Everyone who lived in San Francisco before the fire remembers Ricardo, he of the one eye, who served so well at Luna's, on Vallejo and Dupont streets. Ricardo had but one eye but he could see the wants of his patrons much better than many of the later day waiters who have two. Luna's brought fame to San Francisco and in more than one novel of San Francisco life it was featured. Entering the place one came into the home life of the Luna family, and reached the dining room through the parlor, where Mrs. Luna, busy with her drawn work, and all the little Lunas and the neighbors and their children foregathered in the window spaces behind the torn Nottingham curtains which partially concealed the interior from passers on the street. The elder sons and daughters attended to the wants of those who fancied any of the curios displayed in the long showcase that extended from the door to the rear of the room.
Passing through this family group one came to the curtained dining room proper, although there were a number of tables in the family parlor to be used in case of a rush of patrons. Luna's dinners were a feature of the old San Francisco. They were strictly Mexican, from the unpalatable soup (Mexicans do not understand how to make good soup) to the "dulce" served at the close of the meal. First came the appetizers in form of thin slices of salami and of a peculiar Mexican sausage, so extremely hot with chili pepino as to immediately call for a drink of claret to assuage the burning. Then came the soup which we experienced ones always passed over. The salad of modern tables was replaced by an enchilada, and then came either chili con carne or chili con polle according to the day of the week, Sundays having as the extra attraction the chili con pollo, or chicken with pepper. In place of bread they served tortillas, which were rolled and used as a spoon or fork if one were so inclined. Following this was what is known among unenlightened as "stuffed pepper," but which is called by the Spanish, from which country it gets its name, "chili reinas." To signify. the close of the meal came frijoles fritas or fried beans, and these were followed by the dessert consisting of some preserved fruit or of a sweet tamale. Fifty cents paid the bill and a tip of fifteen cents to Ricardo made him as happy and as profuse with his thanks as the present day waiter on receipt of half a dollar.
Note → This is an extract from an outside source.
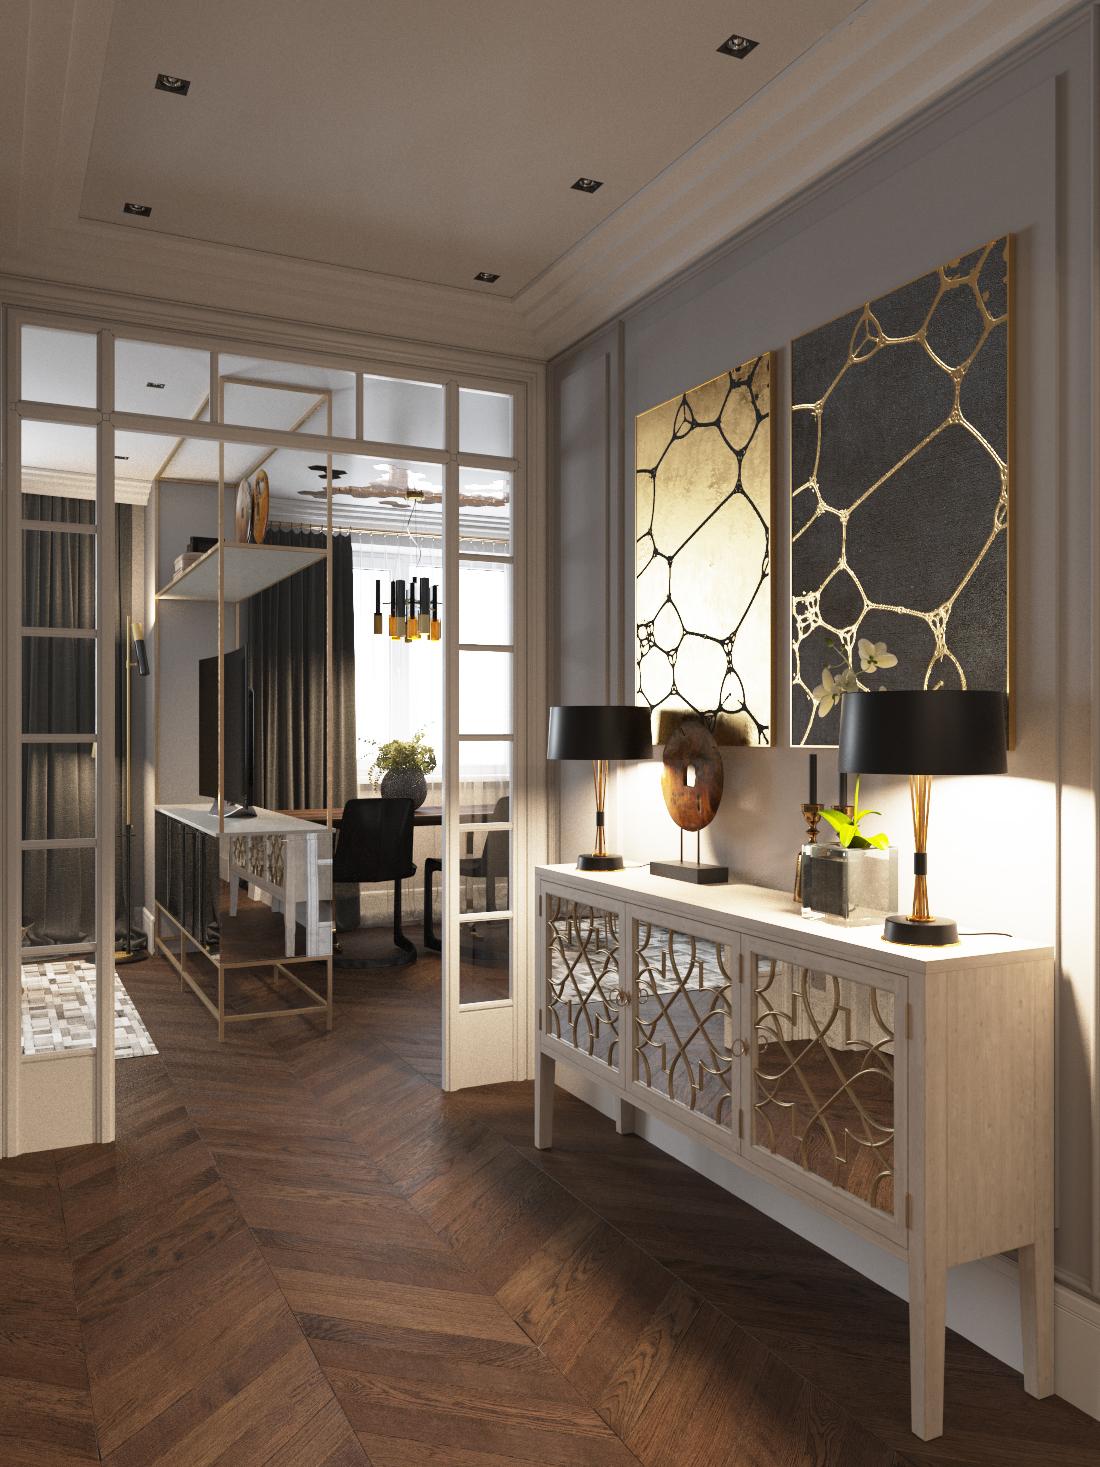 shmidt-6 ар-деко Проект интерьера в стиле ар-деко - Shmidt Studio, Беларусь shmidt 6

Accepting Luna's as the best type of the Mexican restaurant of the days before the fire, our inquiry developed the fact that the dish on which he specialized was chili reinas, and this is the recipe he used in their preparation:
Roast large bell peppers until the skin turns black. Wash in cold water and rub off the blackened skin. Cut around the stem and remove the seed and coarse veins. Take some dry Monterey cheese, grated fine, and with this fill the peppers, closing the end with a wooden toothpick.
Prepare a batter made as follows: Beat the yolks and whites of six eggs separately, then mix, and stir in a little flour to make a thin batter. Have a pan of boiling lard ready and after dipping the stuffed pepper into the batter dip it into the lard. Remove quickly and dip again in the batter and then again in the lard where it is to remain until fried a light, golden brown, keeping the peppers entirely covered with the boiling lard.
Take the seeds of the peppers, one small white onion and two tomatoes, and grind all together into a pulp, add a little salt and let cook ten minutes. When the chilies are fried turn the remainder of the batter into the tomatoes and boil twenty minutes, then turn this sauce over the peppers.
This is a most delicious dish and can be varied by using finely ground meat to stuff the peppers instead of the cheese.
Mexican restaurants of the present day in San Francisco are a delusion, and unsatisfactory.